La tensión del momento en que los
nacionales van a entrar en el pueblo, el miedo a quedar entre dos fuegos,
quedan reflejados con viveza y realismo. Finalmente, los soldados del ejército
rojo abandonaron el pueblo, y los nacionales entraron sin derramamiento de sangre.
Es significativa la
descripción que hace Miguel del ambiente que se encuentra al llegar por primera
vez al campamento de los nacionales, en las afueras del pueblo, tan distinto de
lo que había vivido entre anarquistas y milicianos.
Ya libre y a salvo
al otro lado de la línea del frente, Miguel pudo regresar a su pueblo, Lumbier,
y abrazar a sus padres, a quienes habían
llegado las noticias de los asesinatos de Barbastro y le habían dado por
muerto.
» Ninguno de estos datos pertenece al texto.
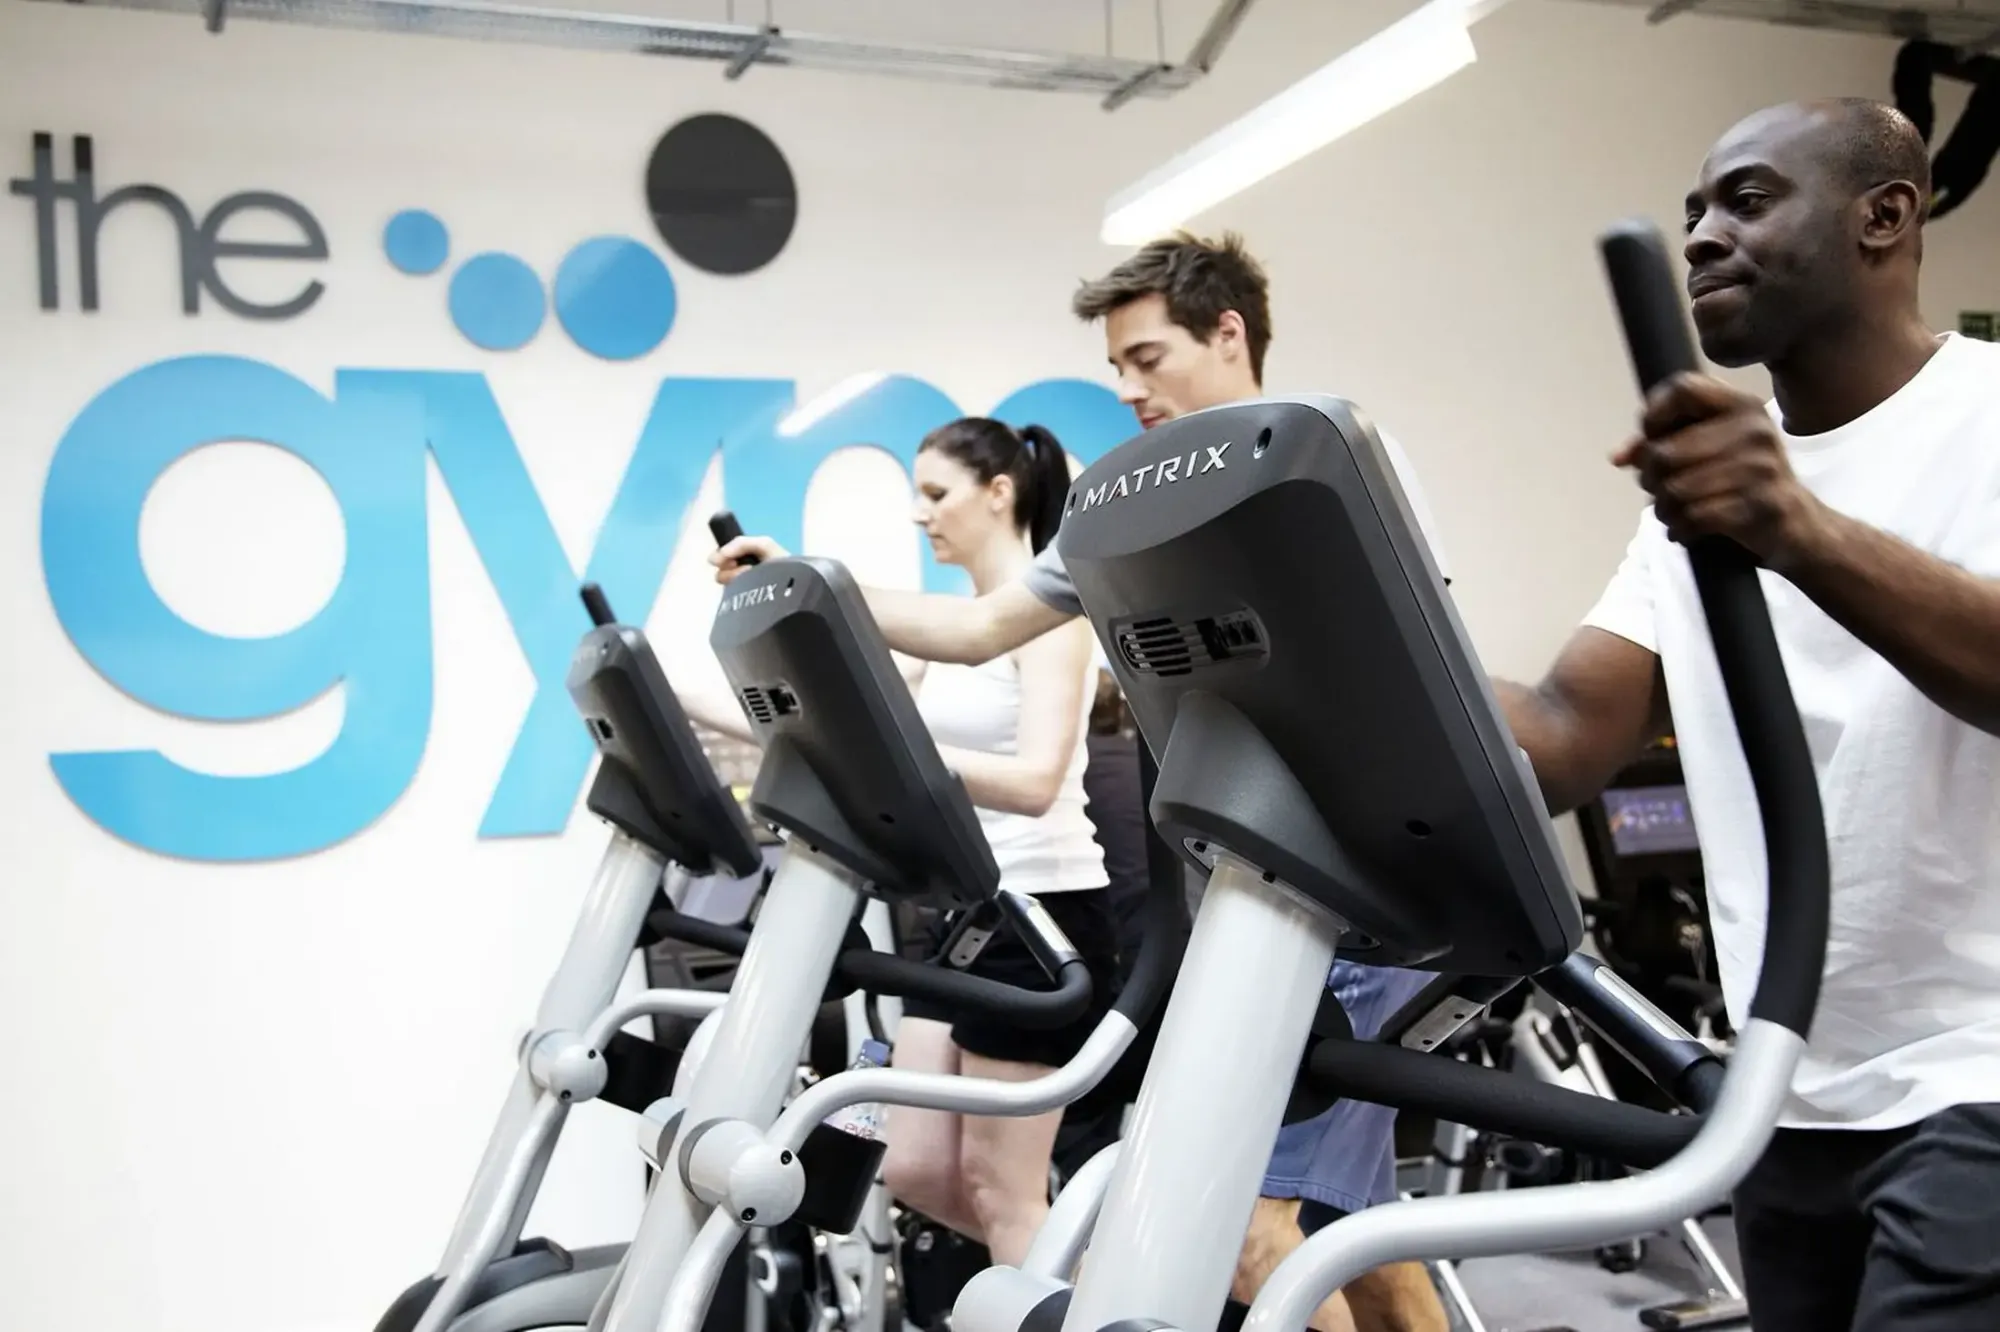 The Gym Group has over 100 locations nationwide

La descripción del cariñoso recibimiento que le dispensó todo el pueblo
es muy emocionante.
Poco después Miguel ingresó
como monje en el monasterio de Valvanera, donde recibió el nombre de Plácido.
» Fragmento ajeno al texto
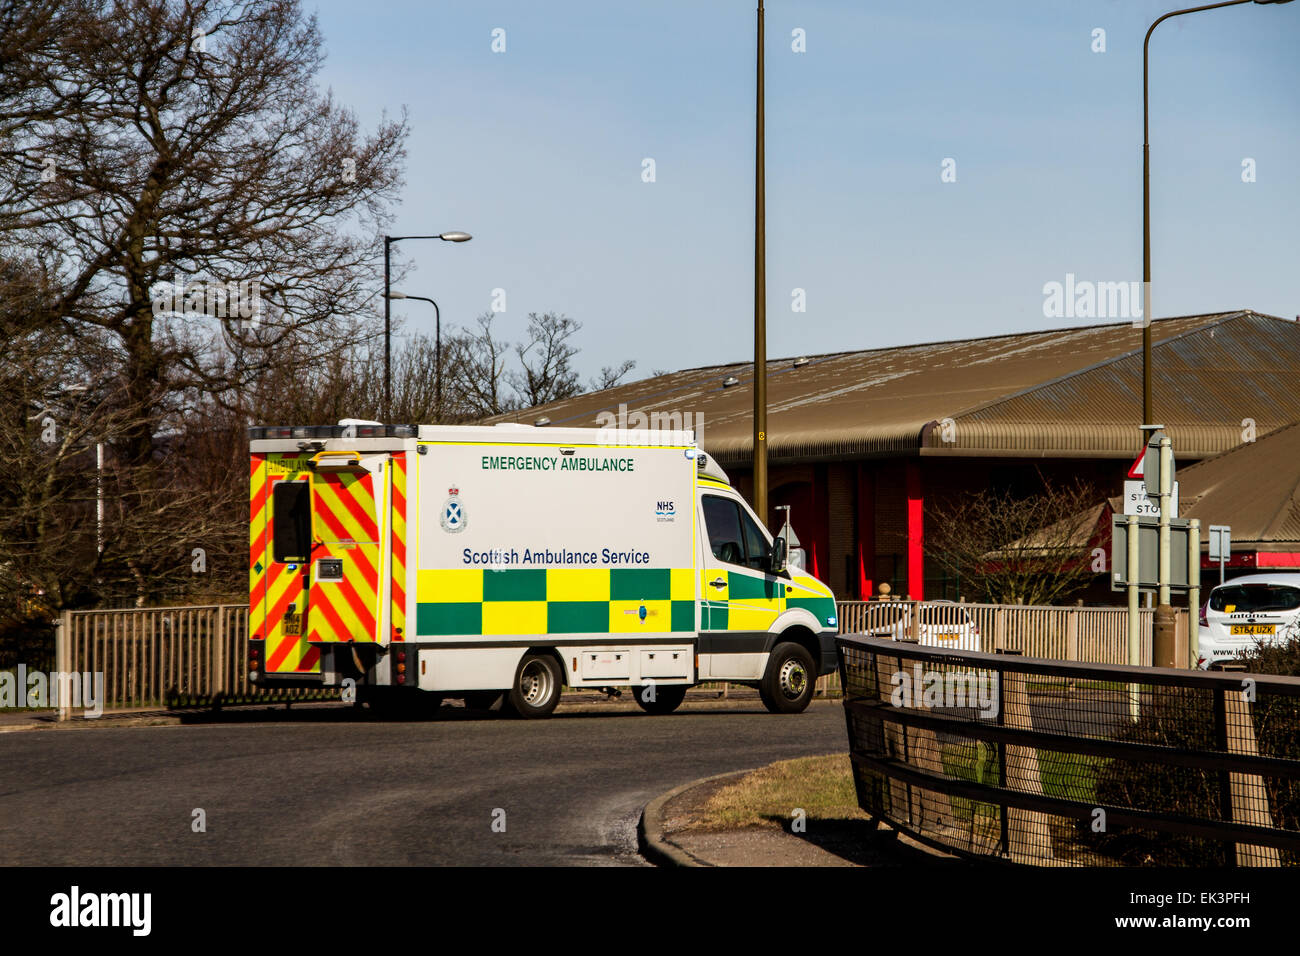 An Emergency Ambulance from the Scottish Ambulance Service responding to a 999 emergency call in Dundee, Scotland Stock Photo

Posteriormente se trasladó a la abadía benedectina de Leyre, en Navarra.
Es quizá uno de los mejores libros que he
leído sobre esos tristes años. Es un relato objetivo: el protagonista se limita
a contar lo que vio y vivió, con sencillez y sin apasionamientos. Es un relato
que emociona: describe sucesos y personas con una mirada serena, misericordiosa
y comprensiva, libre de odios y rencores. Sus nítidos recuerdos permiten al
lector introducirse en los hechos tal y como sucedían ante su vista, revivir
aquellos ambientes, y sentir las emociones que bullían en el alma de aquel
joven adolescente.
Al hilo de la lectura la mente no tiene
más remedio que pararse a reflexionar sobre el origen de esa finura de espíritu
que aletea entre las páginas. Un espíritu, el del joven protagonista y el del
ya maduro redactor que escribe sus recuerdos, que parece elevarse por encima de
los sucesos y tender sobre ellos un bálsamo purificador. Un espíritu que entra en creciente resonancia con el Espíritu de Dios, que es misericordioso y compasivo.